Sunday, March 22, 2009

One area of lending is thriving

That would be the realm of insider lending, to executives and directors also known as decision makers within the bank.
Banks nationwide hold $41 billion in loans to directors, top executives and other insiders, a portfolio that experts say should be stripped of secrecy.

Insider lending to directors is particularly troublesome because it could cloud the judgment of people charged with protecting shareholders and overseeing bank management, the experts say...

..Insider loans, ranging from home mortgages to multimillion-dollar lines of credit for big companies, are legal but are largely shrouded from public scrutiny.

Banks don't have to explain increased insider lending. They don't have to disclose individual loan amounts or terms for any insiders, including executives. Directors and their businesses, often the largest insider borrowers, are completely shielded. Directors must approve insider loans greater than $500,000, so they sometimes vote on loans for each other or the executives they oversee.

Insider favoritism is against the law. Bankers and regulators say the loans are subject to greater scrutiny to ensure insiders aren't getting better terms and are creditworthy.

But top corporate governance experts contend that insider lending carries serious potential for conflict of interest among bank officials and must be stripped of secrecy.
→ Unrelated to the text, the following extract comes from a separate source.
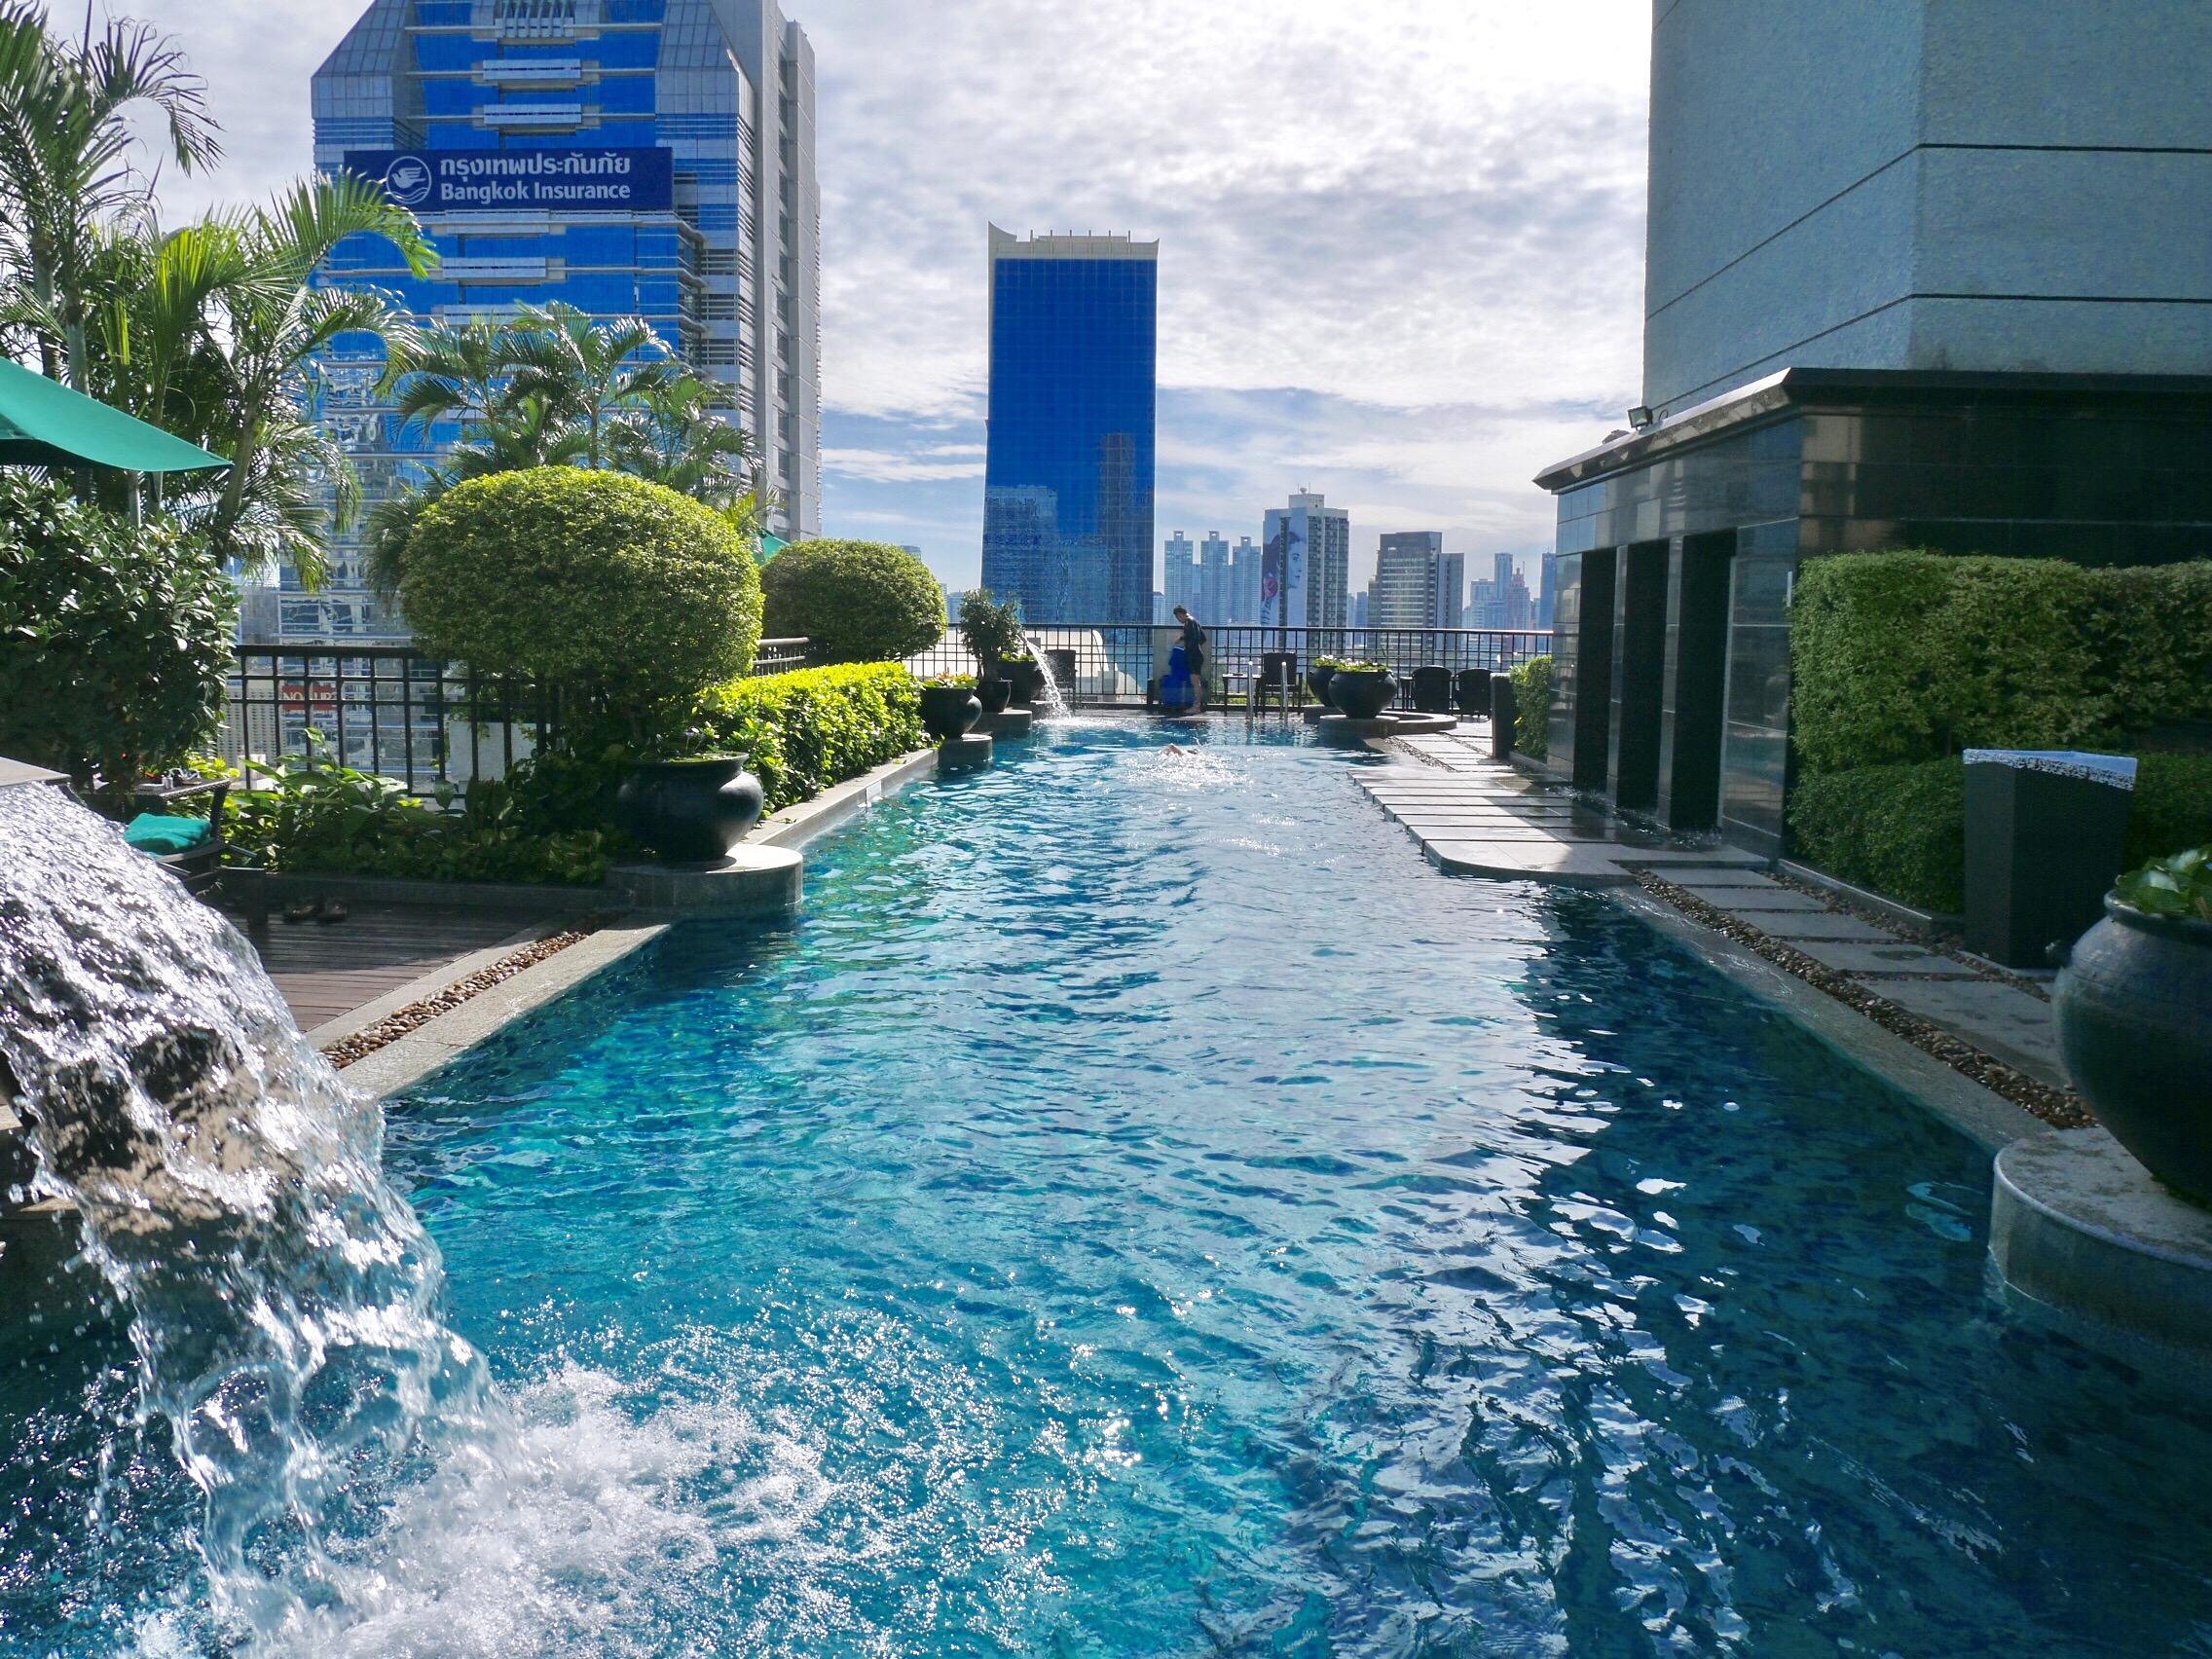 img 8521 - Banyan Tree Bangkok - 五つ星ホテルバンヤンツリーのSERENITY CLUBで過ごすリュクスな時間 「客室編」

They argue that lending to directors, the watchdogs of management, must be revealed so shareholders can gauge their independence. And disclosure should be paramount for banks receiving government aid, said Ed Lawrence, a University of Missouri-St. Louis finance professor and co-author of a 1989 study that was a rare look at insider lending.
In a time of tightened credit you would expect insiders to turn to the source of credit that knows them best. The real question are they good loans and are they on terms that someone outside the bank would receive. Remember the great deals Neal Bush was involved in with Silverado? This is one aspect of bank lending that should be completely open to the public. If an insider doesn't like it, they can always go to another bank.

The Charlotte Observer has a companion piece to this one that more closely looks at the doubling of insider loans at Bank of America recently.